С тех пор как Триппи узнал о разводе, он жрет таблетки пригоршнями.
Наплюй ты на эту рыжую стерву, хочется сказать мне. Но я знаю, единственное, что ему нужно сейчас, – это чтобы его оставили в покое. Я уважаю его желание. Поэтому я молча растягиваюсь на своей койке и предаюсь размышлениям.
Есть некий мост, ведущий в иной мир, и мост этот тонок, как волос, и скользок, как угорь. Когда настанет день Страшного суда, каждому из нас придется пересечь этот мост. Крики грешников, которые будут корчиться на кострах, огласят воздух. Всякий, кто творил зло, угодит в пламя, бушующее под мостом. А тот, кто совершал много добра, переберется на другой берег. Животные, которых он приносил в жертву на Иде, воскреснут и помогут ему преодолеть мост. Кто рассказал мне об этом? Точно не помню – наверное, дядя Тарик.

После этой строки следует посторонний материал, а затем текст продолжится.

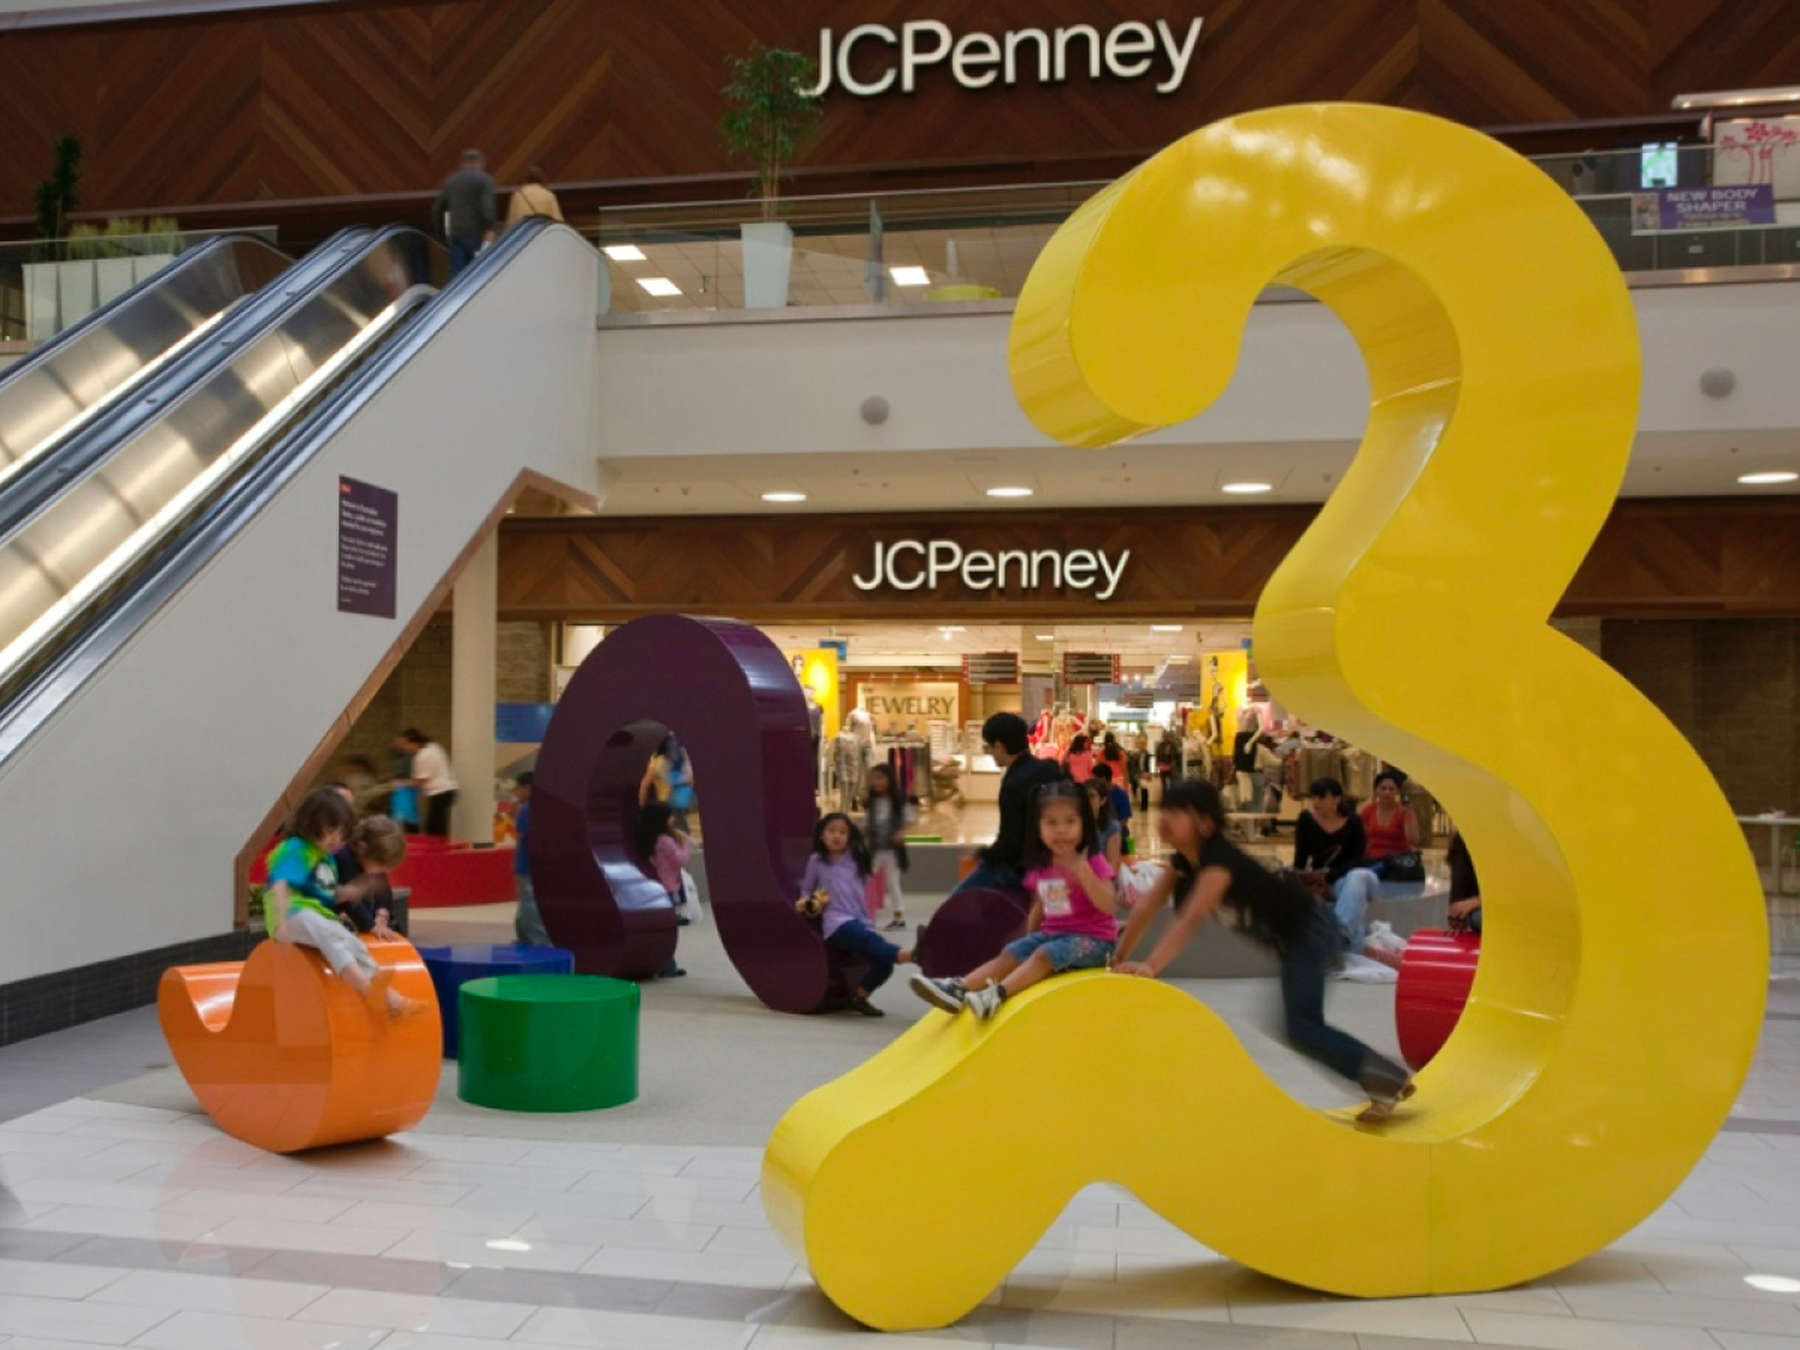 Jeff Koop's imaginative Punctuation Station playscape for Westfield Culver City was an instant hit.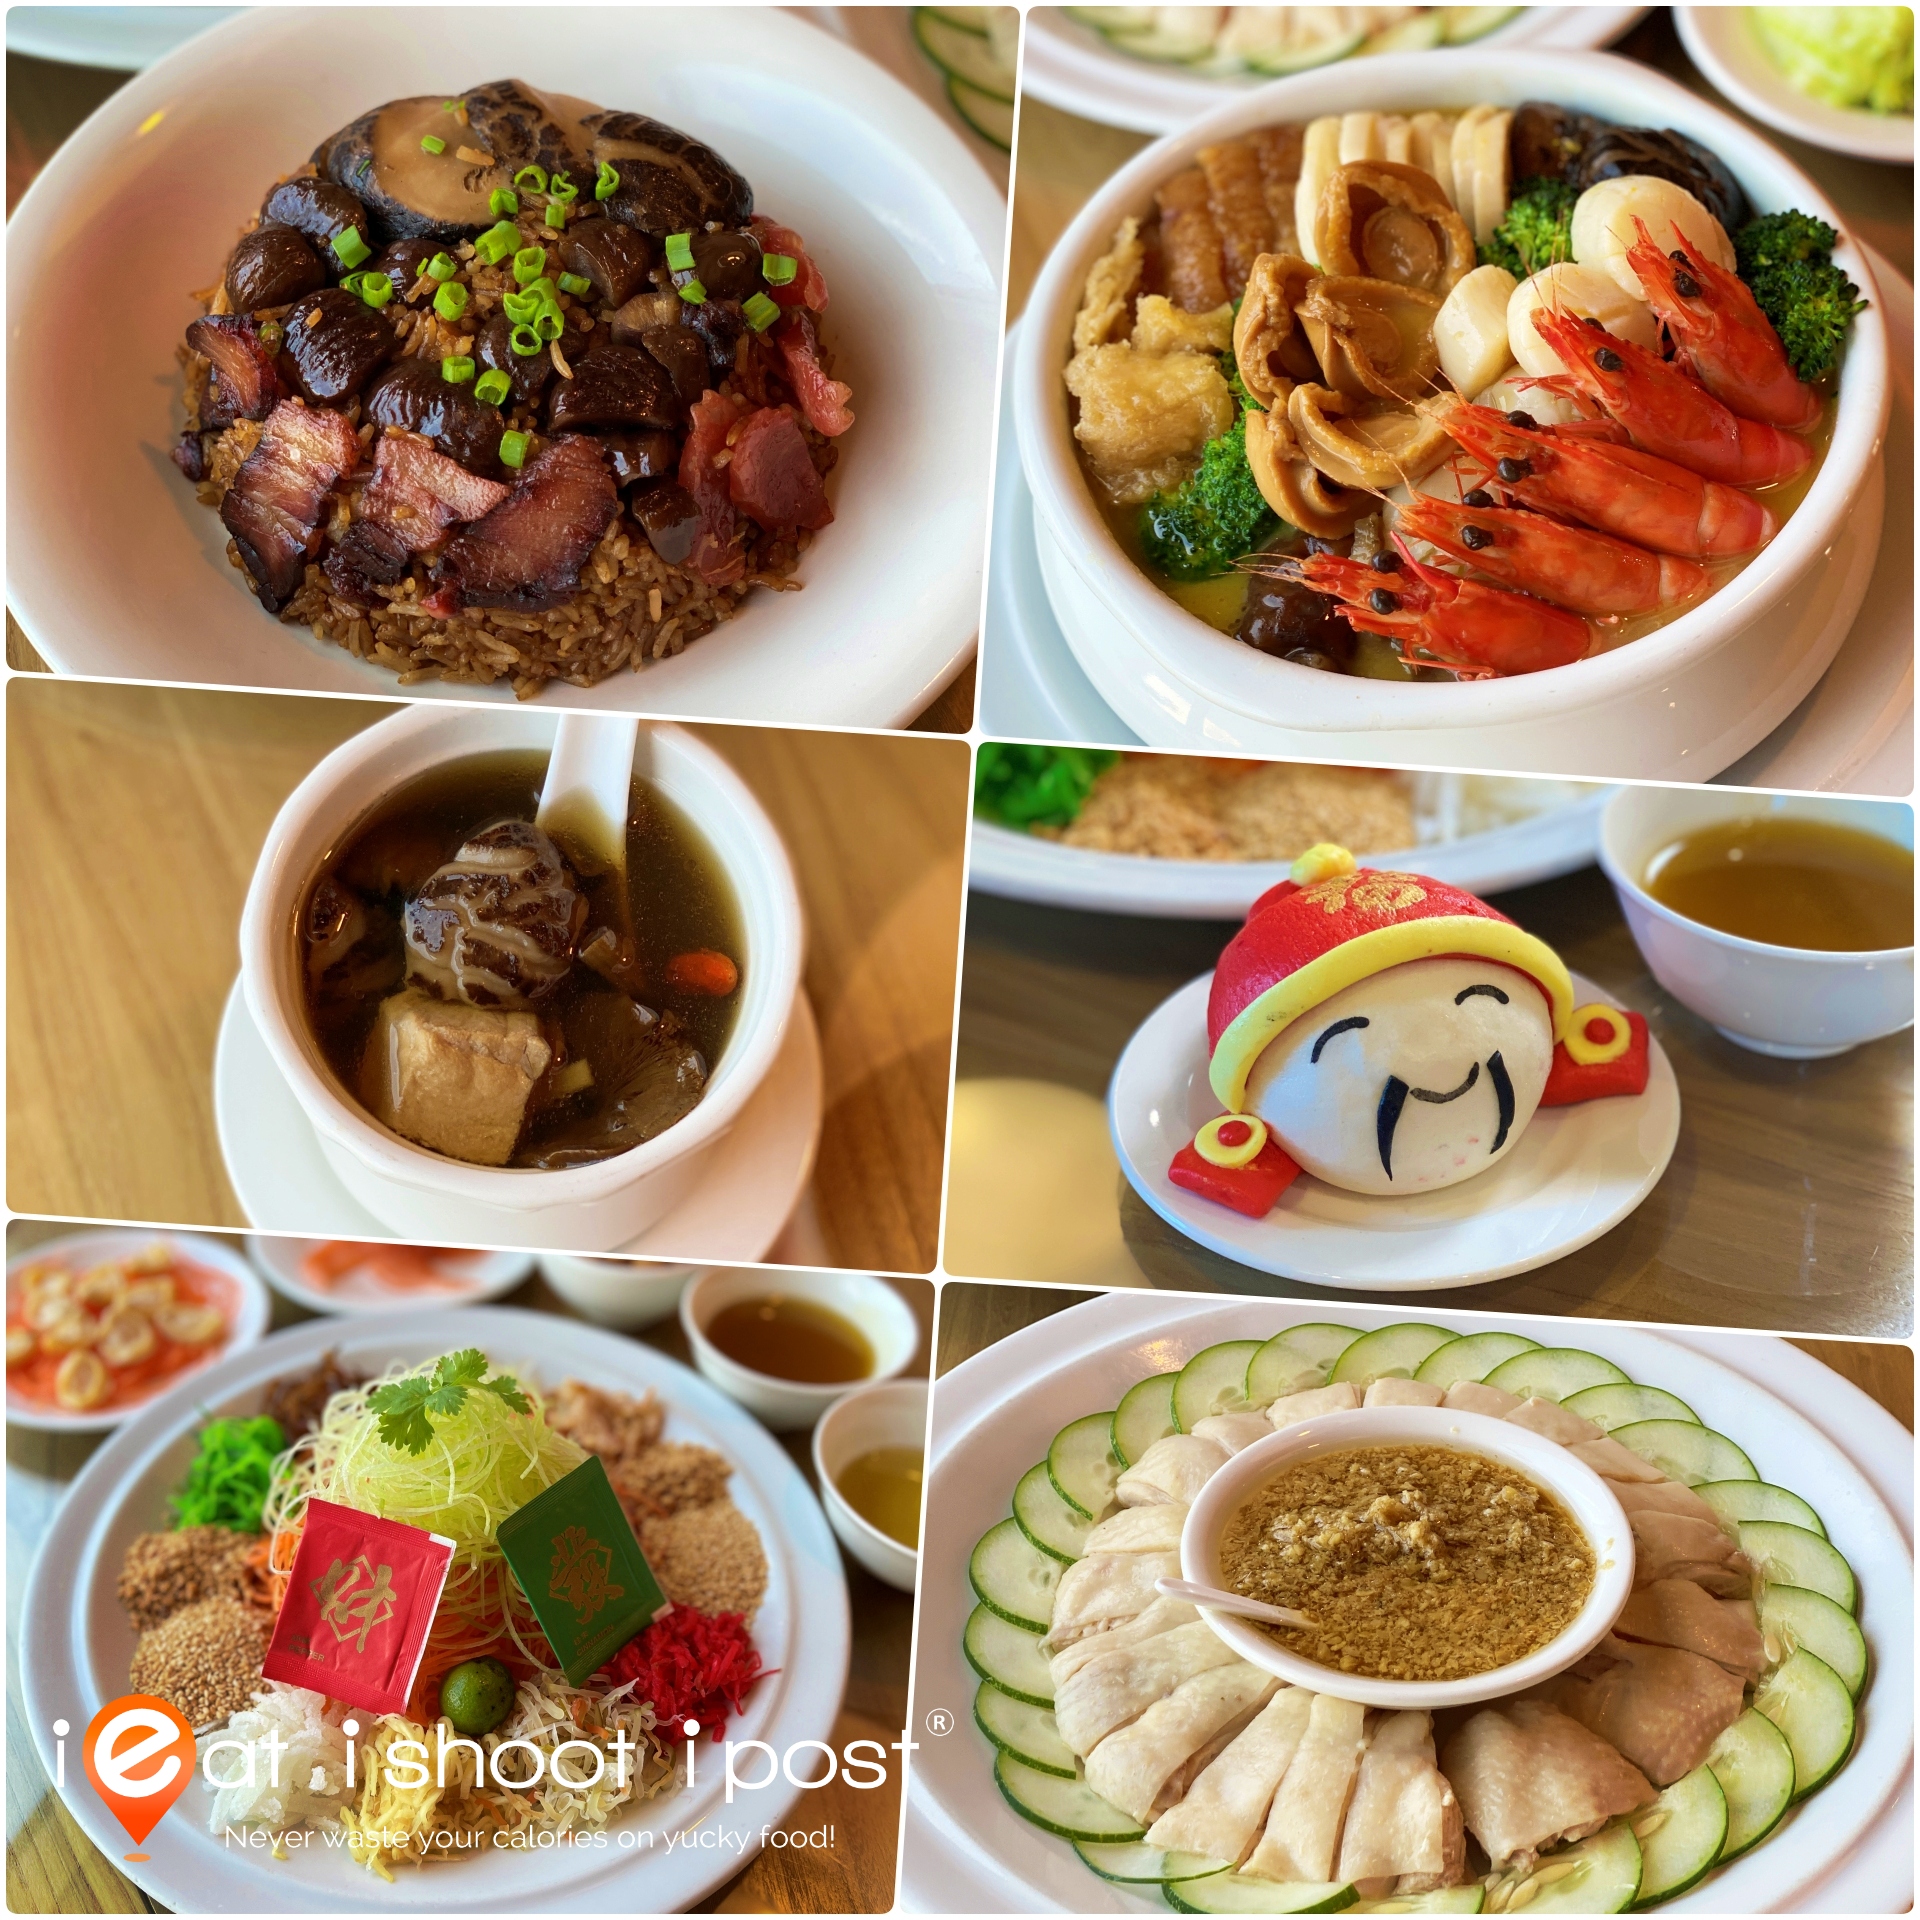 Clockwise from top left: Steamed rice with Chinese sausage and braised mushroom, Wellness Collagen Treasure Pot, Fa Cai Bao Bao bun, Samsui Ginger Chicken, Yu Sheng with salmon and baby abalone, Double-boiled golden mushroom soup with dried scallop

Мне было семь лет, когда я перестал есть мясо. Каждый Ид-уль-Адха (праздник жертвоприношения) мы просили у Аллаха прощения за то, что не можем принести в жертву животное. Соседи приносили нам мясо, и это было очень приятно. Но в последний год, который мы провели в Стамбуле, мама уговорила отца купить барана, причем побольше и пожирнее. Мы ведь собирались перебраться в Англию. Папа уже нашел там работу на фабрике. Бог открыл перед нами новую дверь, и нам следовало Его как следует отблагодарить.
Папа долго упирался, говорил, что это ни к чему, что баран стоит кучу денег, но в конце концов сдался. Проснувшись однажды утром, я услышал блеяние, выглянул в окно и увидел здоровенного барана, который пощипывал в саду травку. Это был настоящий красавец, и к рогам его была привязана алая лента. Мне разрешили кормить и поить его. Следующие два дня я буквально от него не отходил. Это был мой первый и единственный домашний питомец.
– Не надо слишком привязываться к этому барану, – предупредил дядя Тарик.
– Почему? – спросил я.
Дядя нахмурился:
– Разве родители тебя не сказали? Его скоро заколют.
Заливаясь слезами, я бросился к папе. Он был в хорошем настроении и обещал не трогать животное.
– У меня только один сын, – сказал он. – И если он хочет держать дома барана, у него будет баран.
От радости я готов был прыгать выше головы. Я был горд тем, что мое желание уважили. Горд, что я мальчик, а не какая-нибудь там никчемная девчонка вроде Эсмы. На следующий день меня послали с каким-то поручением. Когда я вернулся, на дереве висела ободранная туша моего барана.
Не знаю, что ранило меня больнее: потеря питомца или ложь отца. А может, то, что мама была его сообщницей? Или сознание того, что, хотя я и мальчик, мои желания вовсе не закон для родителей? Мама мазнула меня по лбу бараньей кровью, поцеловала, назвала султаном и побежала в кухню готовить мясо. Дом был весь пропитан густым едким запахом. Вечером, когда передо мной поставили тарелку с мясом, я отказался есть.
– Ты знаешь, сколько стоил этот баран? – рассердился отец. – Нет, ты этого не знаешь, тварь ты неблагодарная!
Тогда, в детстве, я еще не знал, что со мной происходит, зато хорошо знаю теперь. Приступ ярости. Выброс адреналина. Ощущение того, что ты летишь в пропасть и одновременно до головокружения вертишься вокруг собственной оси. Этот приступ накатывает, как волна, поднимает тебя на гребень, и ты готов броситься на кого угодно, даже на собственного отца. Я резко отодвинул тарелку – более резко, чем намеревался. Соус и куски мяса разлетелись по столу. От неожиданности отец заморгал, глазам своим не веря. Действительно, в это трудно было поверить: я бросал ему вызов в присутствии матери и сестры. Отец, конечно, вышел из себя. Я никогда не видел его в таком гневе.